Michael's book on the populist persuasion is worth considering too.

I should read on what I post. I read this essay because of the initial post! I'm stupid that way.

"Well, the Church teaches that certain acts are mortal sins and certain acts are 'intrinsically evil' or 'intrinsically disordered'."

- Last time I checked, Christianity also teaches the following:

"Judge not lest ye be judged." - Matthew 7:1

I have not proposed that either 'Pete' or Ann Coulter be stoned to death.

Yeah, I was talking about your willingness to "assail" groups incongruous with your belief, as if you held such a station that enabled you to do so. I'm not for PC either, but there are reasons that it was instituted other than building elements of the left to a level which is "unassailable." Bigotry is one of them, for example.

BTW, you should brush up on Scripture. You quote from John.

Owl, there is such a thing as moral and ethical judgment of acts (as opposed to judgment of souls or essences of a person). Common life is impossible without it.
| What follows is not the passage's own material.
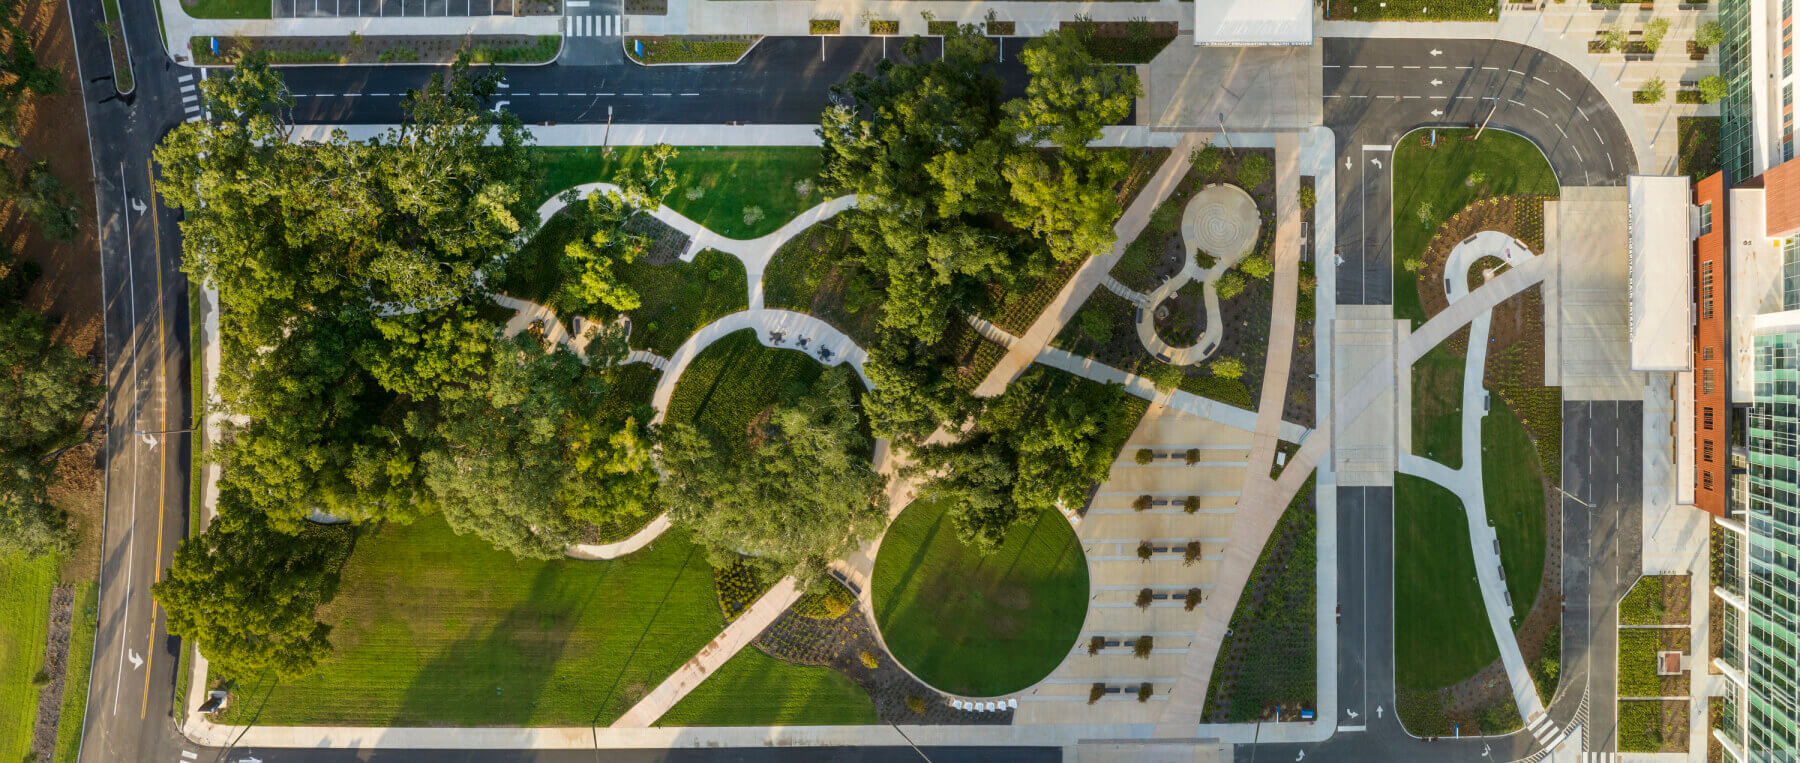 aerial view of the town square park
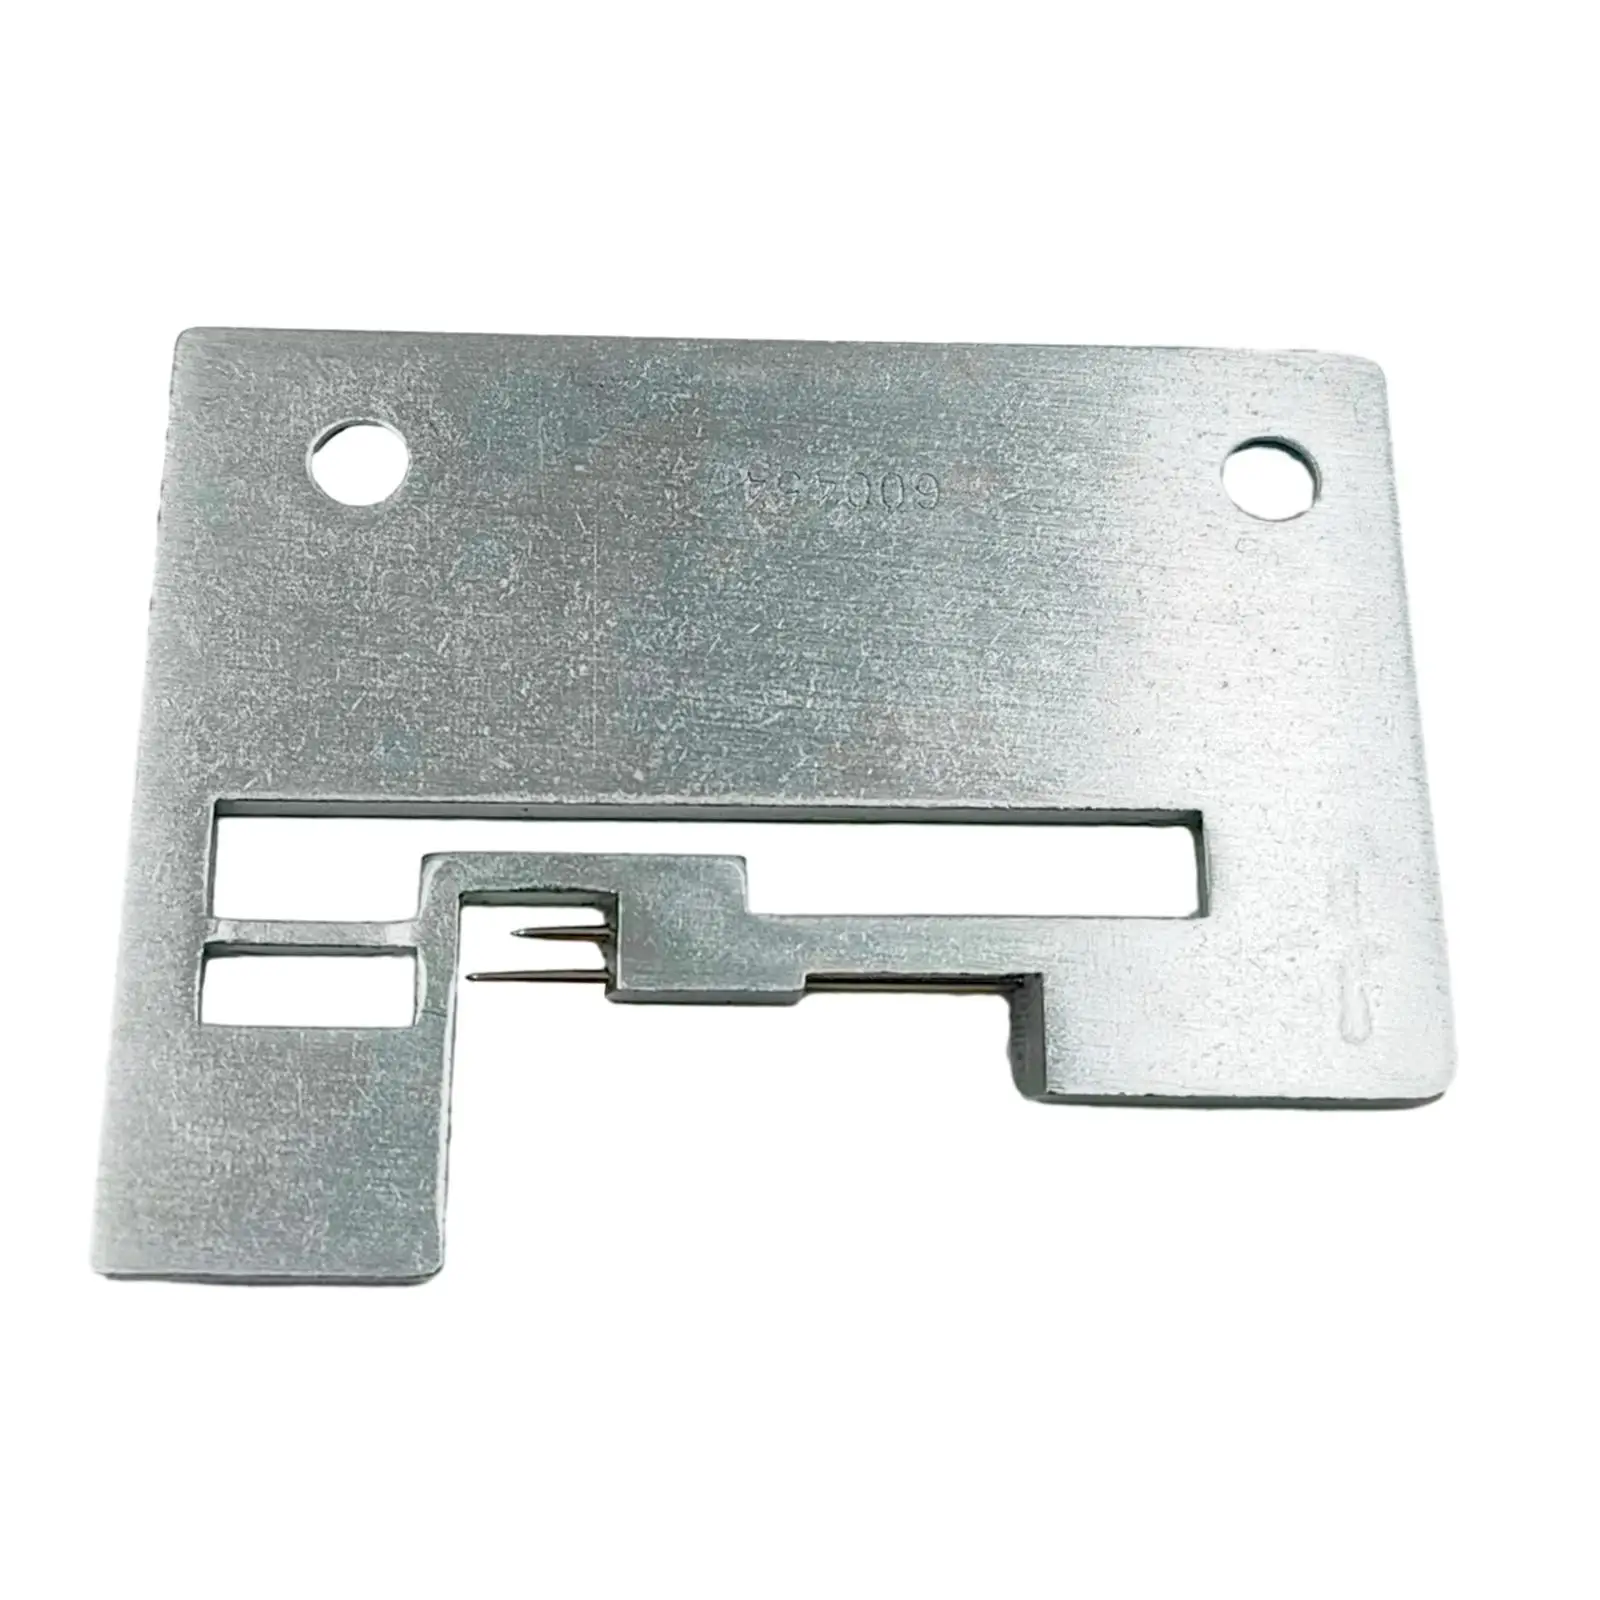 Needle Plate Replaces Industrial Heavy Duty Sturdy Accessories Iron 1x Multifunctional Tool Sewing Machines Accs Practical

If that makes me a 'bigot', so be it.

I didn't say that you were a bigot -- I am just pointing out that PC wasn't just a liberal invention that popped up out of the blue. And come on -- there has got to be a more tasteful way of going about this. Each of us carries our own sins; some just happen to be more visible than others, especially in the case of Edwards, a political man.

And what exactly has moralizing in the sense that the GOP has gone about it done to help them politically? Bill Clinton wrought Governor Sanford, and would-be friends of the party now decry Republican hypocrisy.

Depending on how the Edwards situation is carried, the Republicans stand a chance of creating a not dissimilar situation. A more responsible response would be to let the watchdogs tear him apart, and then lament that a mere mortal let his vices dim literal self-government -- acknowledge that all men are open to such vile things -- and then prove to be better in deed.

I said we could be fairly laconic about Ann Coulter's tasteless jokes and that the sensibilities of homosexual men are not a matter so important that it calls for manufacturing categorical imperatives 'nothing could justify..." blah blah. How we got from there to your confused chatter about 'moralizing' I have not a clue. What the functional relationship is between Bill Clinton's sodomy kick indulged between 1975 and 1989 and an affair by Gov. Sanford a generation later I have not a clue. How we all got from a discussion of Howard Zinn's historiography to this mess I cannot understand either.

Happy trails.

Uh, no. You went off on your diatribe about how the last thing that we need are "more contrived p's and q's" (thus sanctioning Coulter's "joke"), reconstructed some right-wing conspiracy theory on the gay community, and then...here we are.